Evaluation of GPT and BERT-based models on identifying protein-protein interactions in biomedical text

Detecting protein-protein interactions (PPIs) is crucial for understanding genetic mechanisms, disease pathogenesis, and drug design. However, with the fast-paced growth of biomedical literature, there is a growing need for automated and accurate extraction of PPIs to facilitate scientific knowledge discovery. Pre-trained language models, such as generative pre-trained transformers (GPT) and bidirectional encoder representations from transformers (BERT), have shown promising results in natural language processing (NLP) tasks. We evaluated the performance of PPI identification of multiple GPT and BERT models using three manually curated gold-standard corpora: Learning Language in Logic (LLL) with 164 PPIs in 77 sentences, Human Protein Reference Database with 163 PPIs in 145 sentences, and Interaction Extraction Performance Assessment with 335 PPIs in 486 sentences. BERT-based models achieved the best overall performance, with BioBERT achieving the highest recall (91.95%) and F1-score (86.84%) and PubMedBERT achieving the highest precision (85.25%). Interestingly, despite not being explicitly trained for biomedical texts, GPT-4 achieved commendable performance, comparable to the top-performing BERT models. It achieved a precision of 88.37%, a recall of 85.14%, and an F1-score of 86.49% on the LLL dataset. These results suggest that GPT models can effectively detect PPIs from text data, offering promising avenues for application in biomedical literature mining. Further research could explore how these models might be fine-tuned for even more specialized tasks within the biomedical domain.

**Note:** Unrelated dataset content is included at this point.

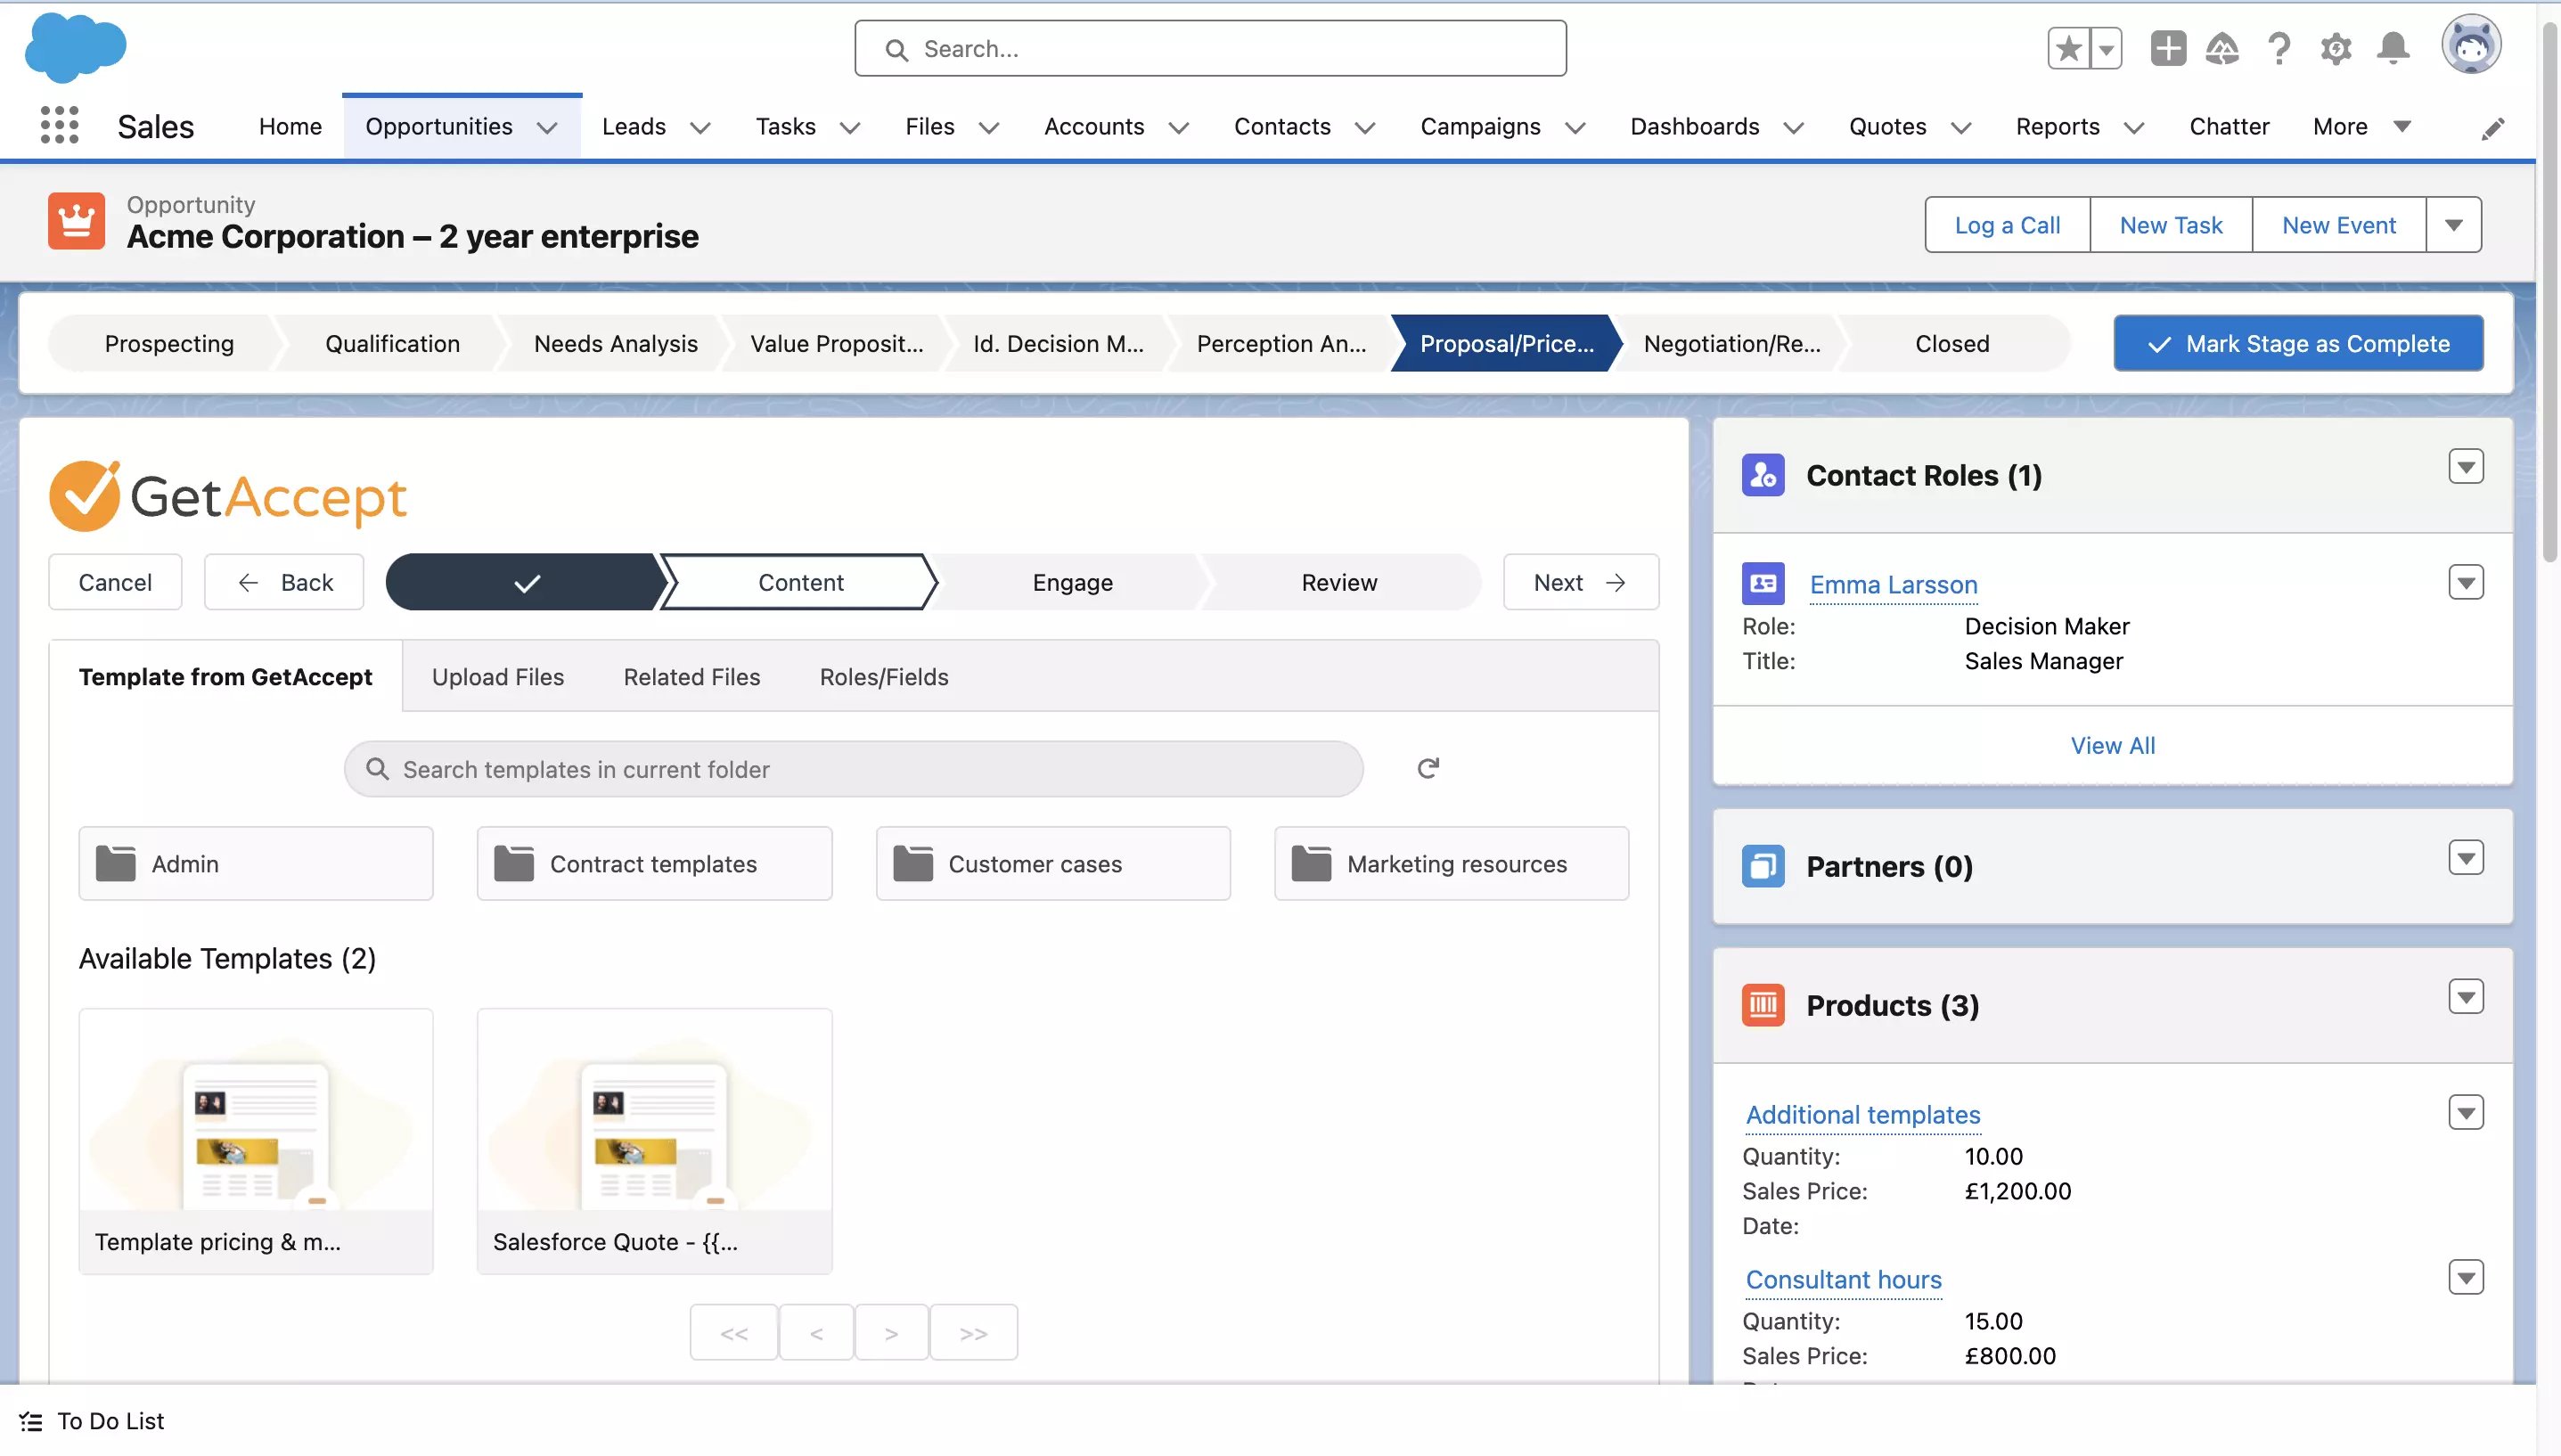 3. Sales collateral management in Salesforce with GetAccept
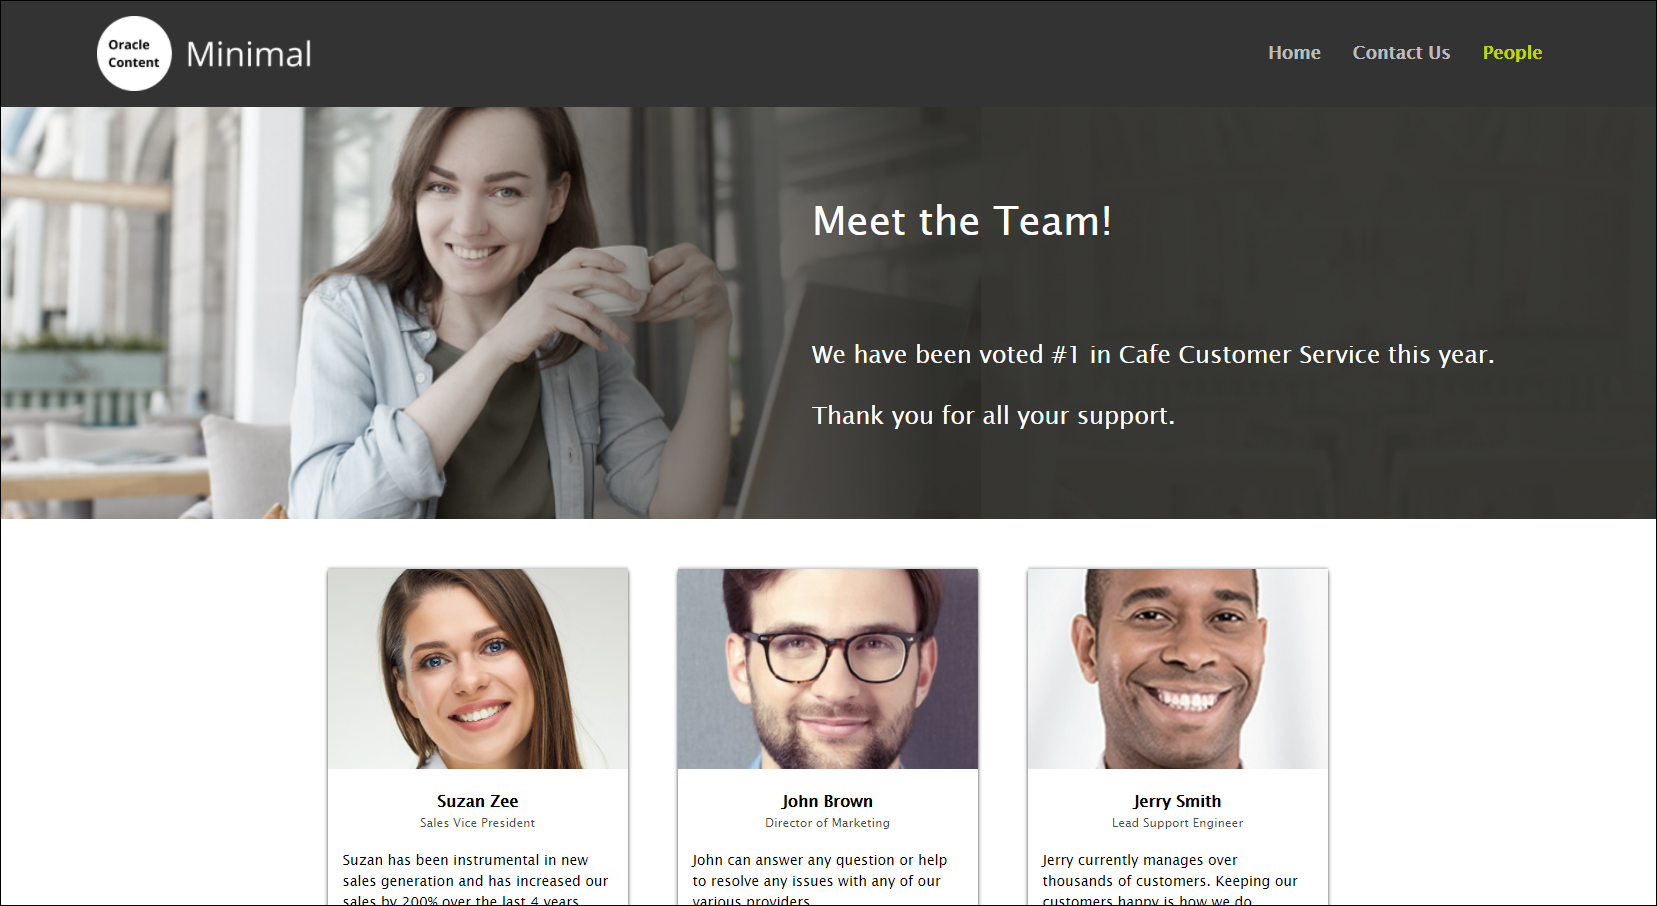 This image shows the contact us page for an Gatsby minimal site.

翻译：检测蛋白质-蛋白质相互作用（PPIs）对理解遗传机制、疾病发病机制及药物设计至关重要。然而，随着生物医学文献的快速增长，自动化且准确地提取PPI以促进科学知识发现的需求日益迫切。预训练语言模型，如生成式预训练变换器（GPT）和双向编码器表示变换器（BERT），已在自然语言处理（NLP）任务中展现出优异性能。我们利用三个手动标注的金标准语料库——包含77个句子中164个PPI的“逻辑学习语言”（LLL）语料库、包含145个句子中163个PPI的人类蛋白质参考数据库，以及包含486个句子中335个PPI的交互提取性能评估语料库——评估了多种GPT和BERT模型在PPI识别中的表现。基于BERT的模型取得了最优整体性能，其中BioBERT达到最高召回率（91.95%）和F1分数（86.84%），而PubMedBERT达到最高精确率（85.25%）。有趣的是，尽管未经生物医学文本的显式训练，GPT-4仍取得了与顶尖BERT模型相媲美的出色性能：在LLL数据集上其精确率为88.37%，召回率为85.14%，F1分数为86.49%。这些结果表明，GPT模型可有效从文本数据中检测PPI，为生物医学文献挖掘提供了有前景的应用方向。未来研究可进一步探索如何针对生物医学领域内的更专业任务对这些模型进行微调。